Dataset content:
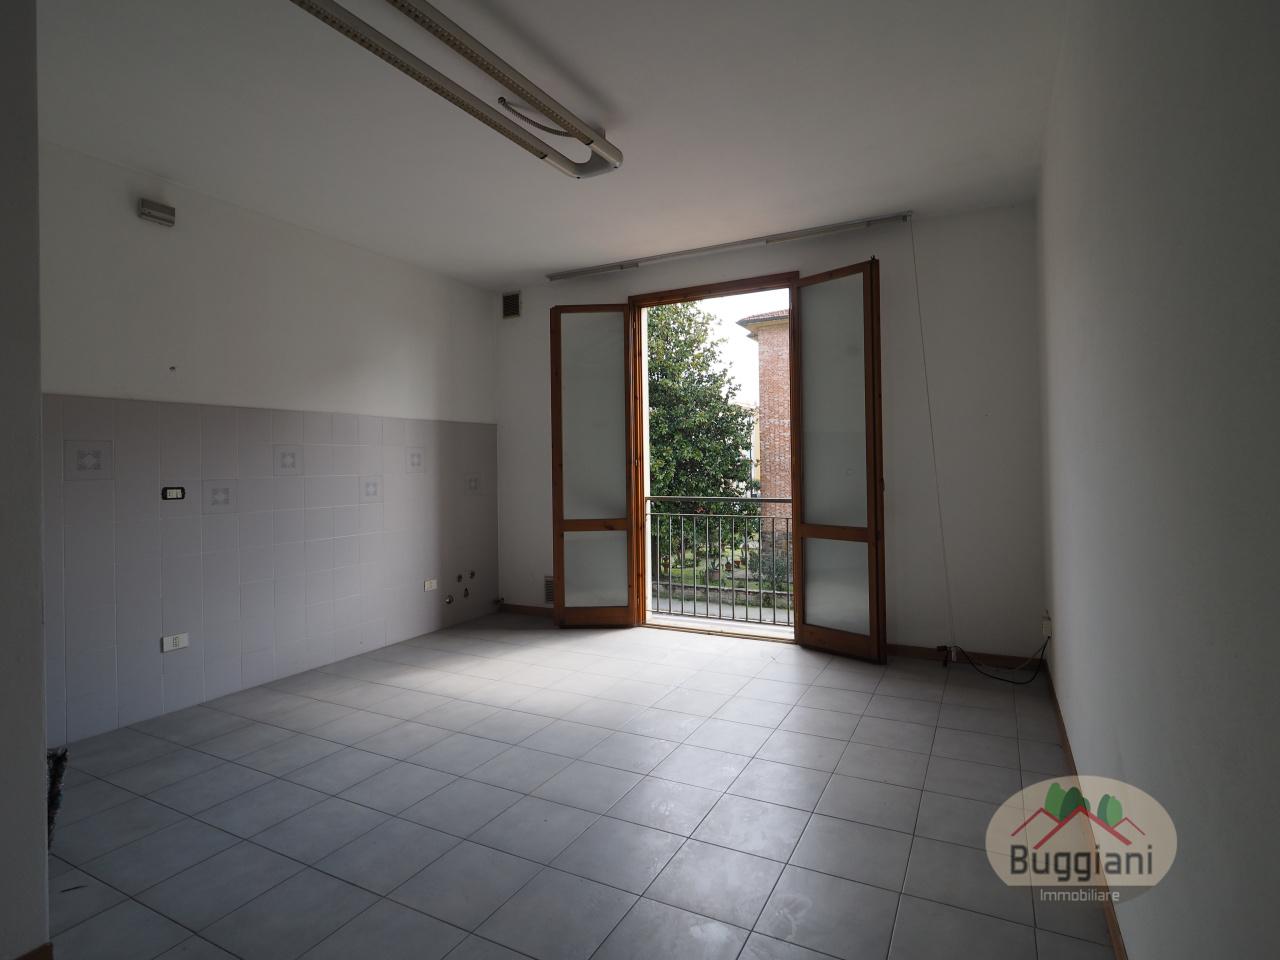 Appartamento in vendita RIF. 1716, Santa Croce sull'Arno (PI)
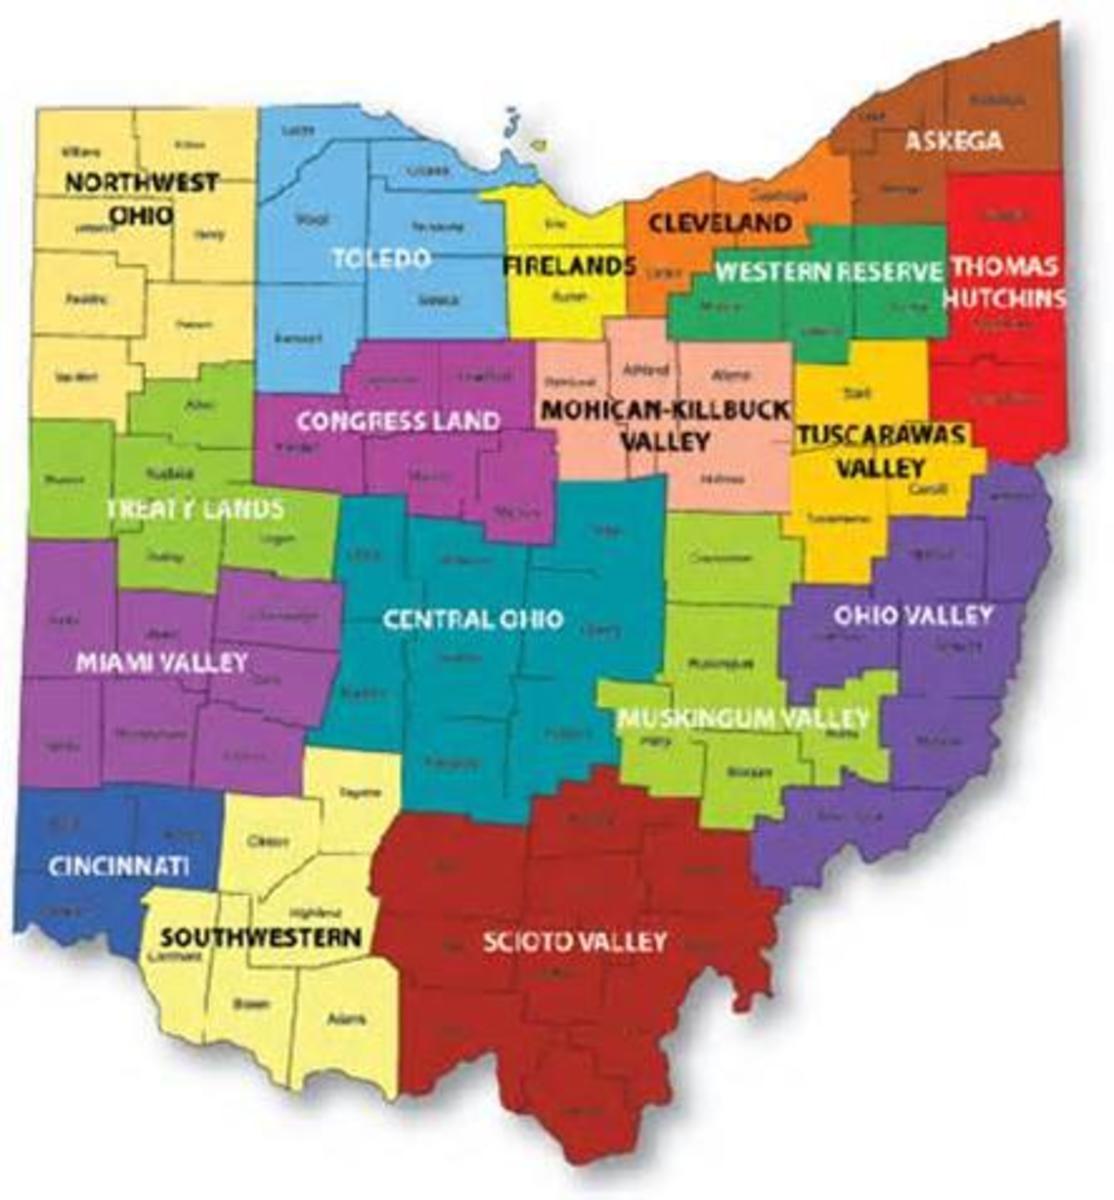 Ohio regions
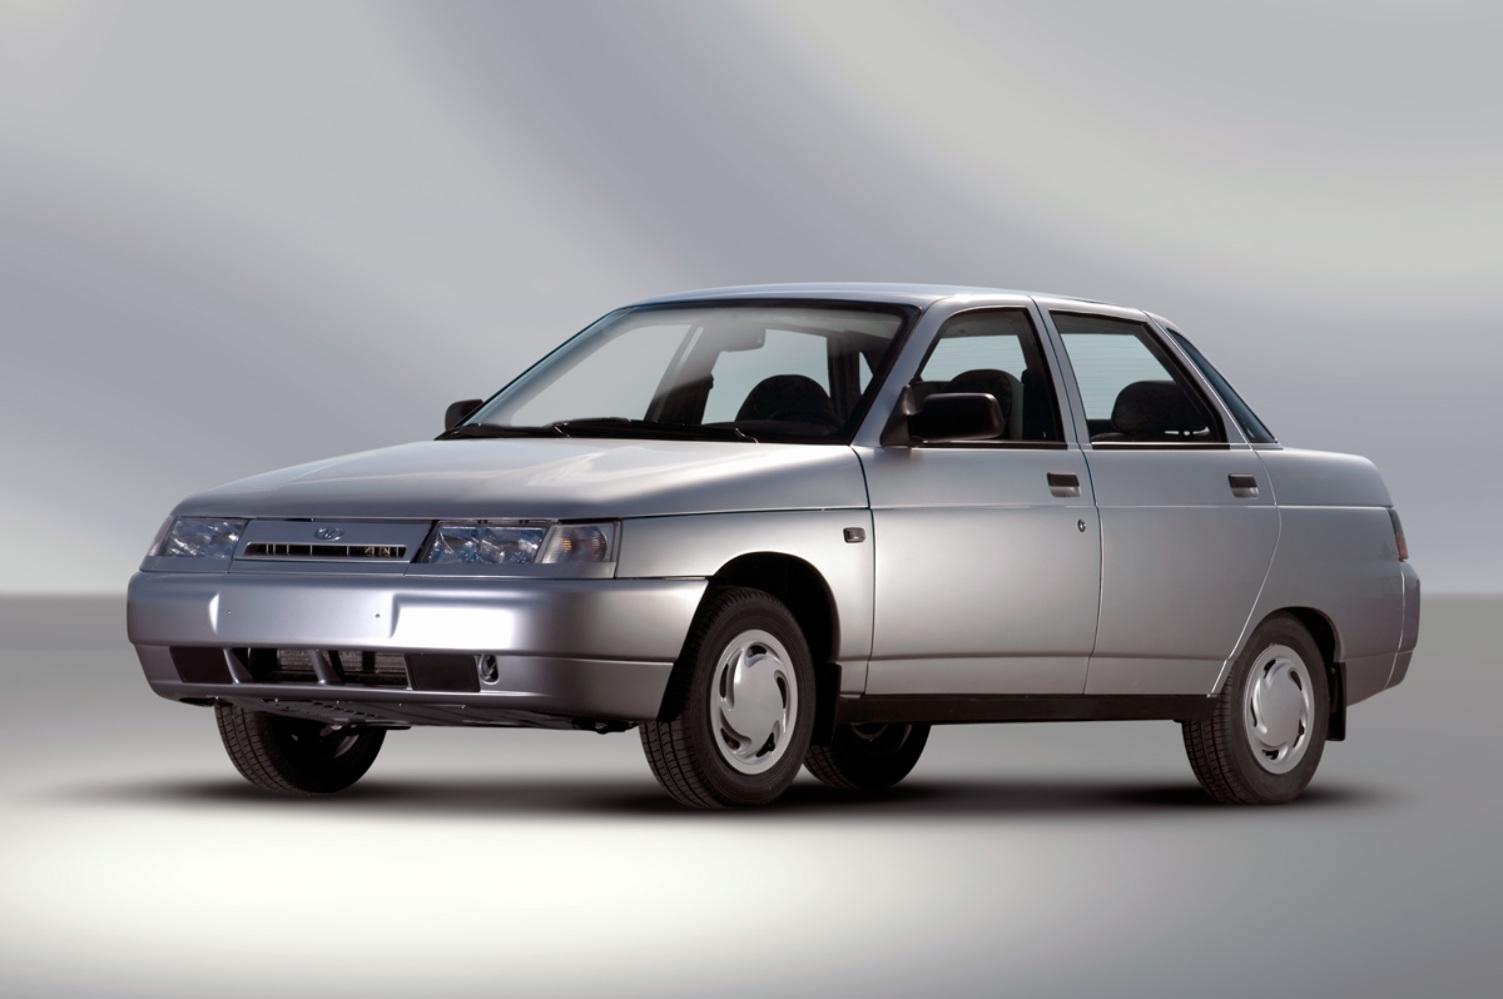 ... Lada 2110 Sedan 2000 ...

Problem statement: Repeat the whole of the material above exactly, but keep the pictures out.

Result of this task:
 Appartamento in vendita RIF. 1716, Santa Croce sull'Arno (PI)
 Ohio regions
 ... Lada 2110 Sedan 2000 ...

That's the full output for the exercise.